FDA approved the Philips CavaClear Laser Sheath for use with conventional snare devices for the removal of inferior vena cava (IVC) filters, the agency on Tuesday.
This makes CavaClear the first device on the market to use a UV laser to remove a small bit of tissue and dislodge the IVC filter when other methods of removal have failed.
"To date, there have been limited options for the successful removal of chronically embedded IVC filters, as they can be difficult to retrieve due to potential complications associated with the complex procedure," said Bram Zuckerman, MD, director of the Office of Cardiovascular Devices in the FDA Center for Devices and Radiological Health, in a statement.
CavaClear approval was based on a retrospective study of 265 patients that found a 96% procedural technical success rate associated with the laser device. Device-related complications -- counting IVC injury, bleeding, and filter breakage -- reached 3%.
Its approval followed the FDA's de novo pathway and was expedited thanks to Breakthrough Device designation.

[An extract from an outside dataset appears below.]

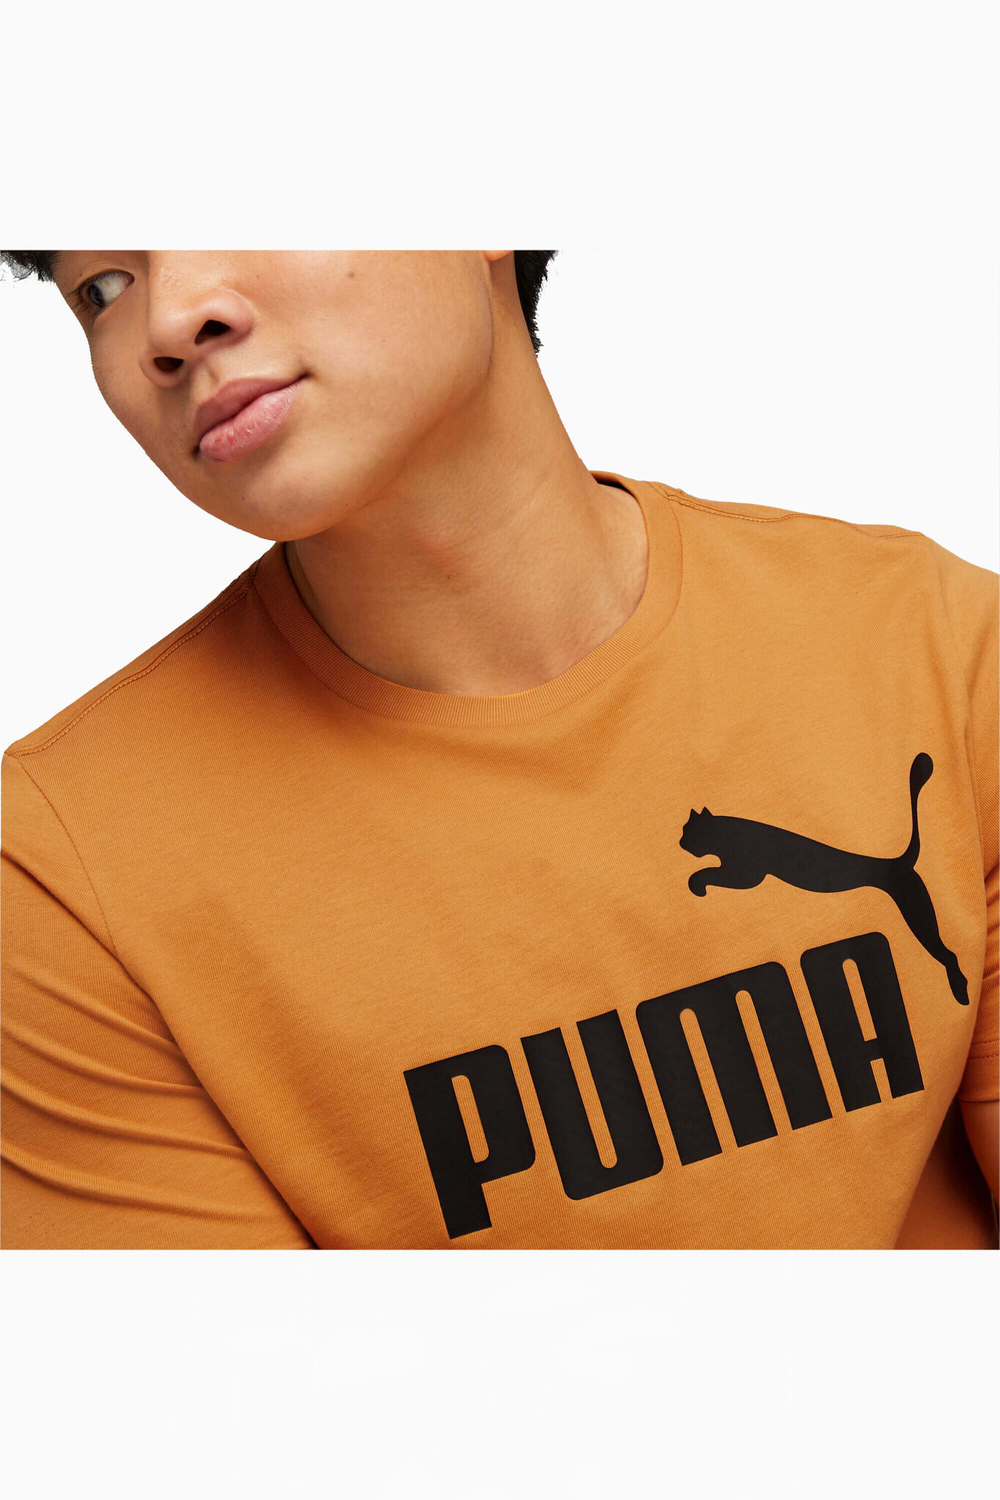 Футболка Puma Essentials Logo

IVC filters have been declining in popularity since the FDA's 2010 warning of complications with long-term use. These devices are initially inserted in patients with deep vein thrombosis and pulmonary embolism but can themselves lead to IVC thrombosis if left in the blood vessel.
The latest strongly recommend against use of IVC filters, suggesting their use only in people with acute venous thromboembolism and an absolute contraindication to anticoagulation.
Use of the CavaClear is contraindicated when a blood clot is present within the IVC filter or surrounding veins, when the IVC filter is not accessible, or when the filter is nonmetal. The device should not be used to remove the Bird's Nest and VenaTech IVC filters in particular, FDA warned.